When we talk of Saints, you'll encounter some evangelicals asking you, "Why do we pray to dead Saints or to dead people?" They usually follow such question as, where is it in the Bible that we should pray to dead Saints? To answer this query, allow me to quote from one of my prayer books entitled, "Our Daily Prayer" a Catholic Prayer Book by Dermot Hurley of the Society of St. Columban, Fiji.
"Why do we pray to Saints? Our prayers to the Saints are therefore really acts of love and praise and petition to God, in whom they live, through whom they hear us, and without whom they could not hear us. We pray to them not because they can help us more than God can, nor because they want to help us more than God does, but because they are men and women like ourselves who lived human lives in this world, people whom perhaps we have learned to know well either in person, or from the words or writings of others.
And so, we sometimes find it easier and more natural and more human to go to God 'through them', than go to God directly. We are easily drawn to friendship, love and trust towards people whose love and goodness we personally experienced in the past, or people who faced and overcame difficulties and temptations like ours-people who like us, sinned and were forgiven, people whose lives remind us that we, like them, are called to the destiny of sharing God's life when we leave this world in his friendship."
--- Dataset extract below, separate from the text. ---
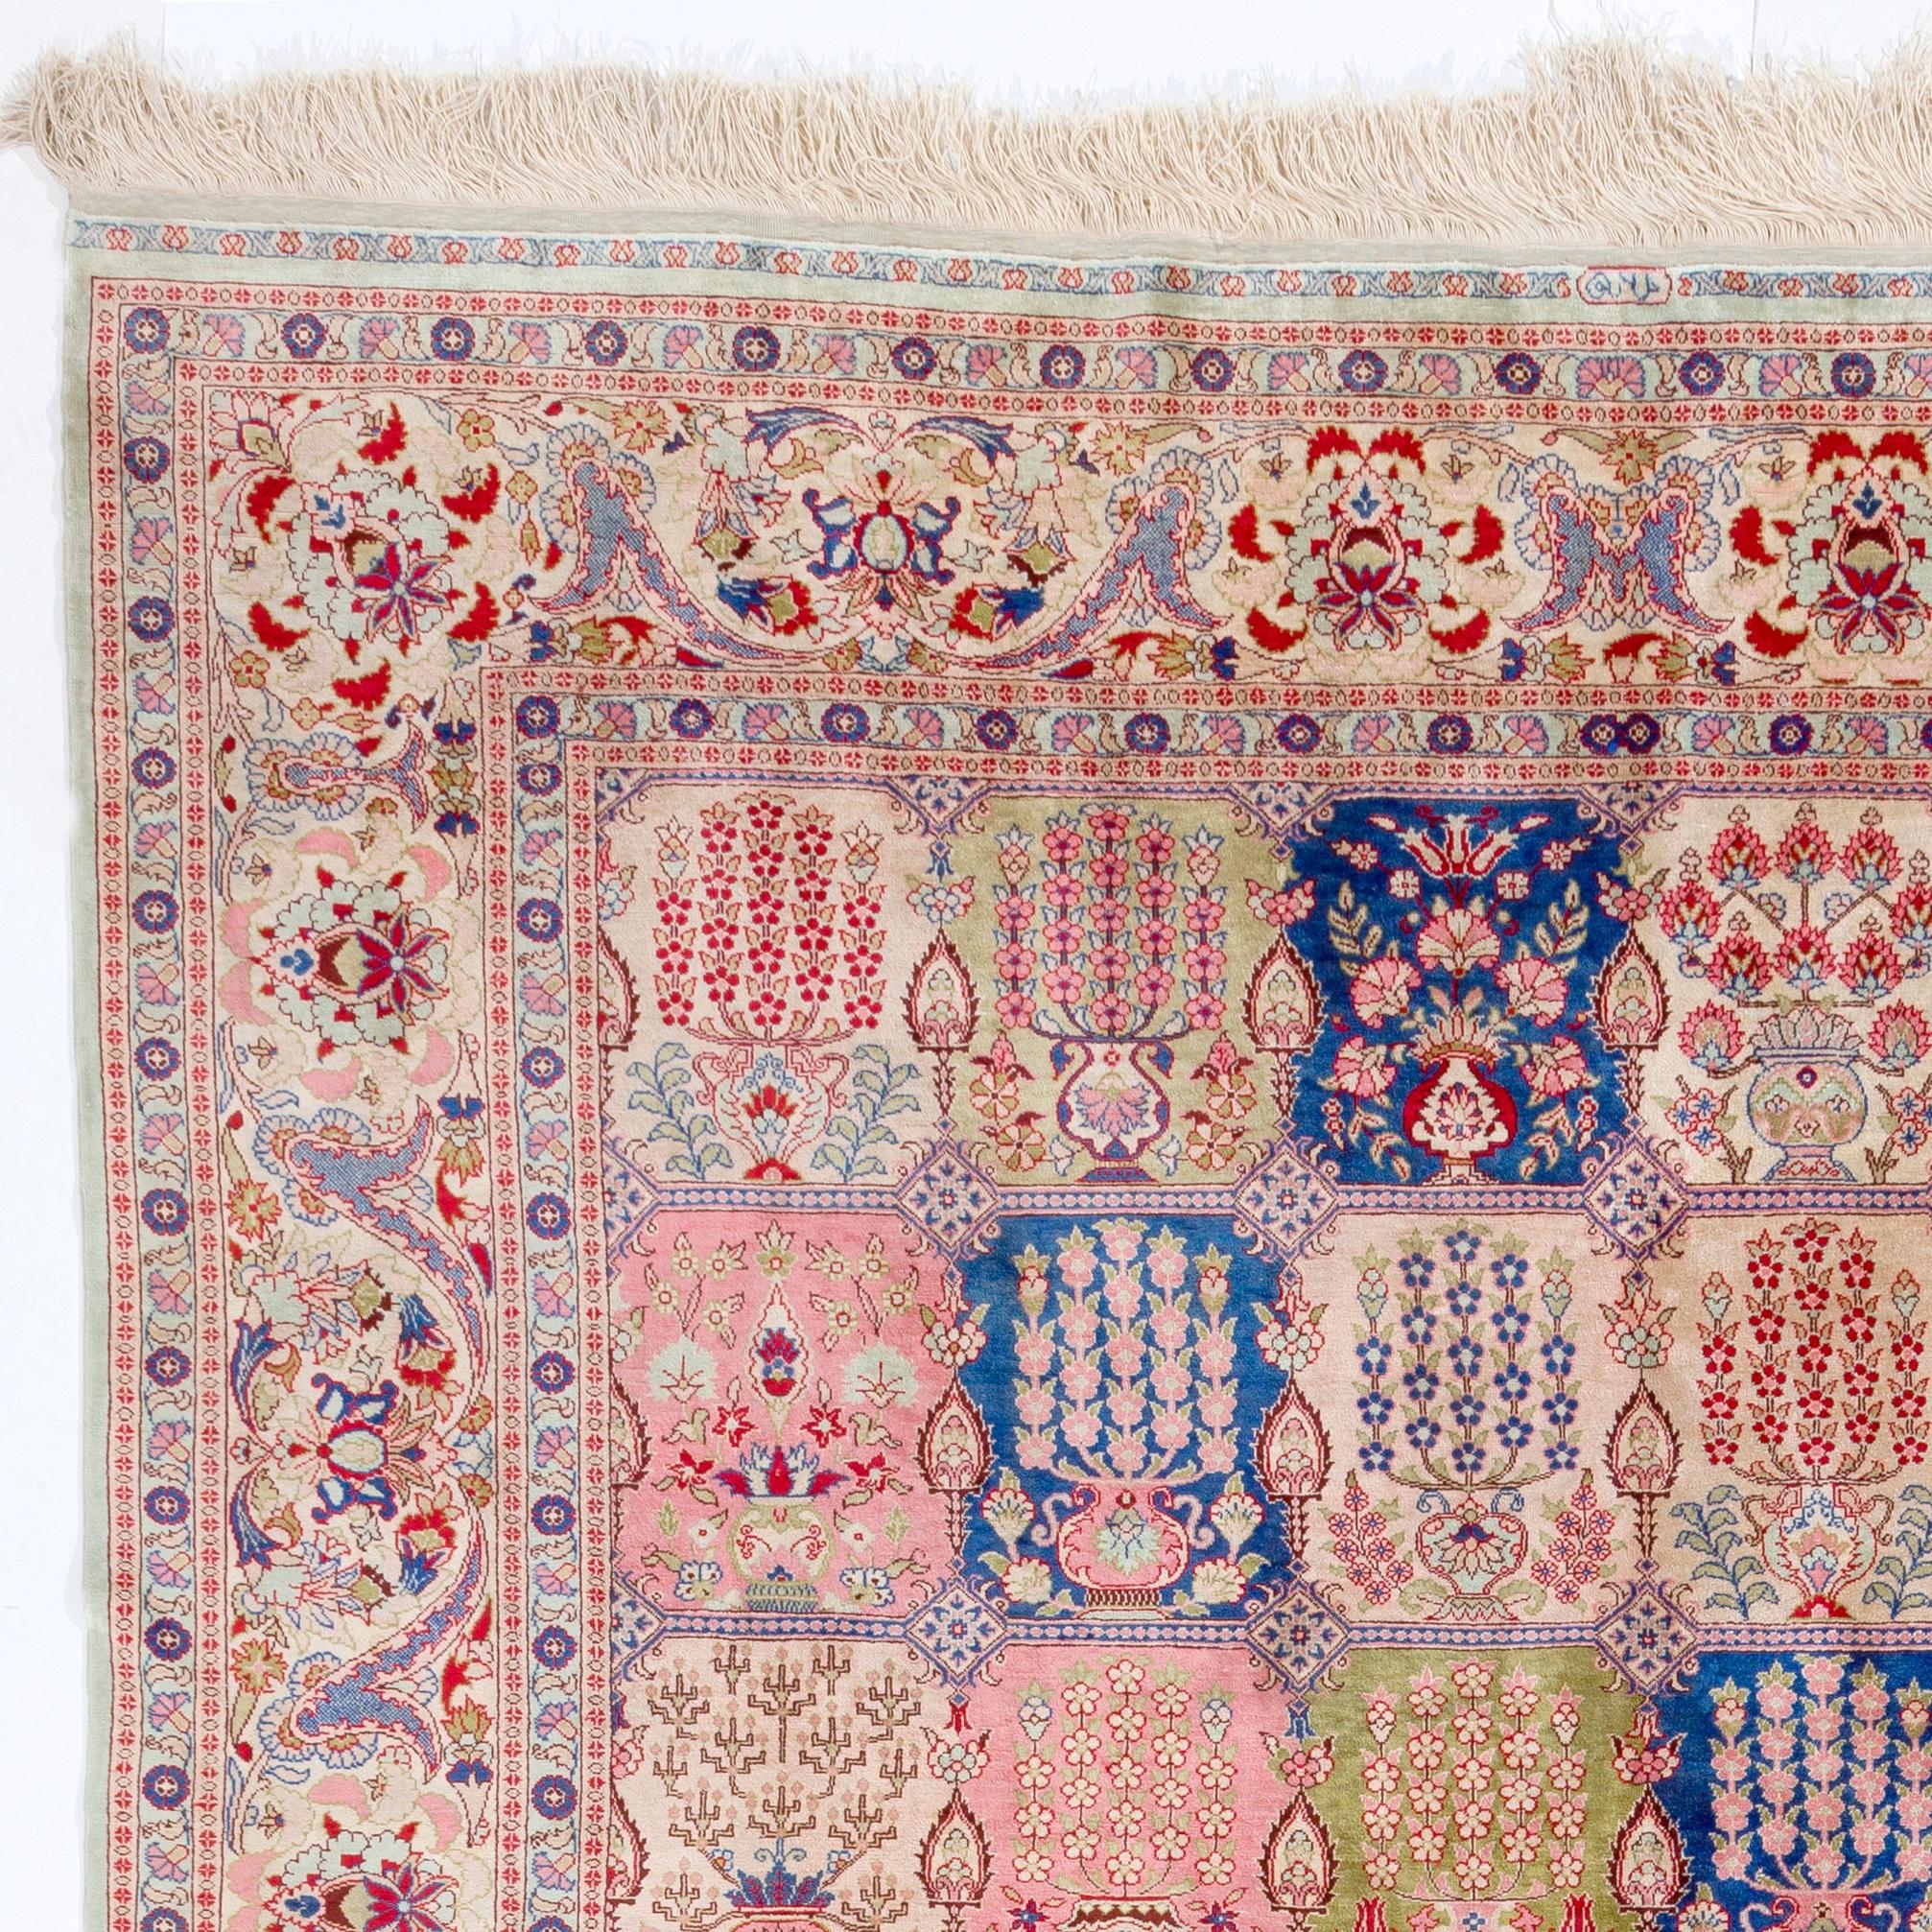 Ce tapis en soie Hereke, d'une élégance exquise, présente ce que l'on appelle un 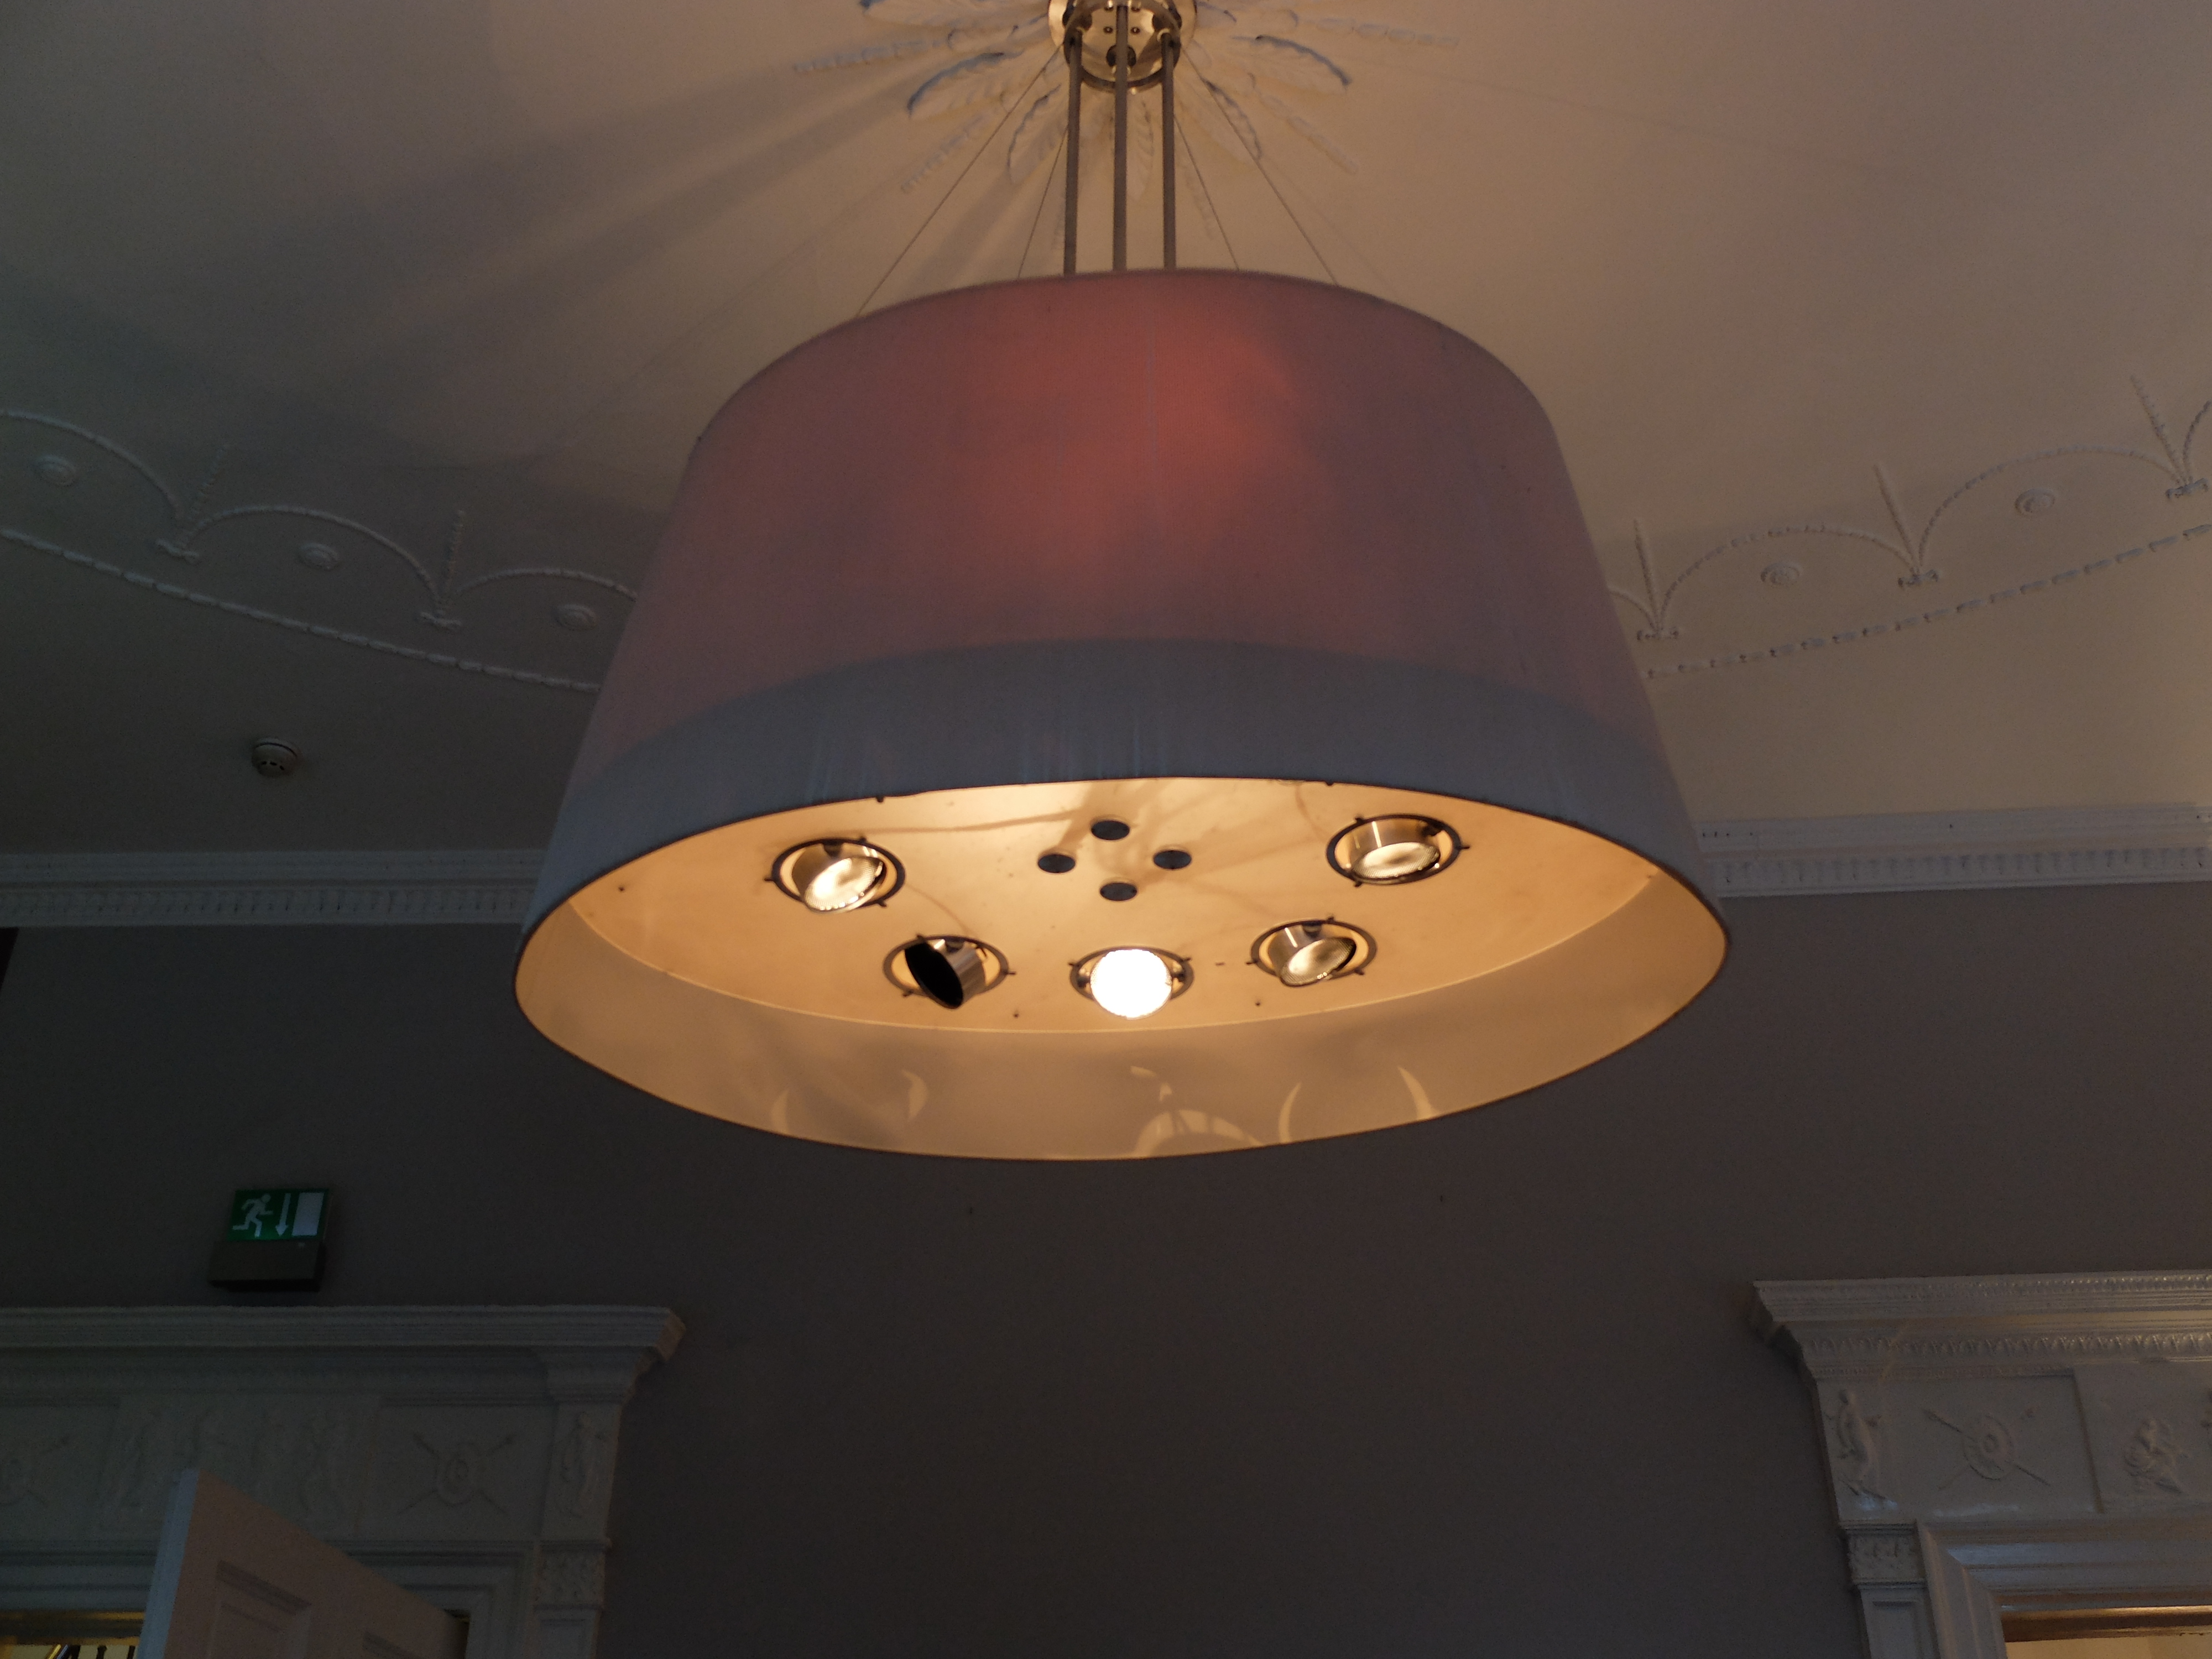 'designer' lamp

I do not expect all our readers to accept or even understand this, but if you're a Catholic, it is clearly in our creed that we believe in the "Communion of Saints". If you do not believe in this, then don't say you're a Catholic!
Perhaps the most important Biblical passage to learn by heart comes from John 11: 25-26 which goes, "Jesus said to her, 'I am the resurrection, and the life; he who believes in me, though he were dead, yet shall he live. And whoever lives and believes in me shall never die.'" Another passage worth memorizing also comes from John 12: 25, "He that loves his life shall lose it, and he who hates his life in this world shall keep it to life eternal."
So there is no argument that only our flesh dies, but our spirit continues to live in life eternal; the problem is where are the dead in the spirit world… in heaven or in hell? Whenever I'm in the cemetery and I see those exquisite mansions built by the rich for their dead, the question always pops up in my mind: Where is the soul of their dead? They encase their corpses in luxurious and opulent mansions, but their souls could be burning in eternal damnation. Indeed, I'd rather see a simple grave for as long as I know in my heart that the soul of the person in that grave is in heaven.
Finally, allow me to quote in Matthew 23: 25-28: "What miserable frauds you are, you scribes and Pharisees! You clean the outside of the cup and the dish, while the inside is full of greed and self-indulgence. Alas for you, you hypocritical scribes and Pharisees! You are like white-washed tombs, which look fine on the outside but inside are full of dead men's bones and all kinds of rottenness. For you appear like good men on the outside 'but inside you are a mass of pretence and wickedness.'"
I submit that reading this passage was the very reason why whenever I see a grave of a friend, I always ask the question, where is the soul of this person? But in this passage, our Lord Jesus Christ is not referring to the dead, rather he is talking about hypocritical people who think live very clean lives, but in reality, that is only what you see in the outside.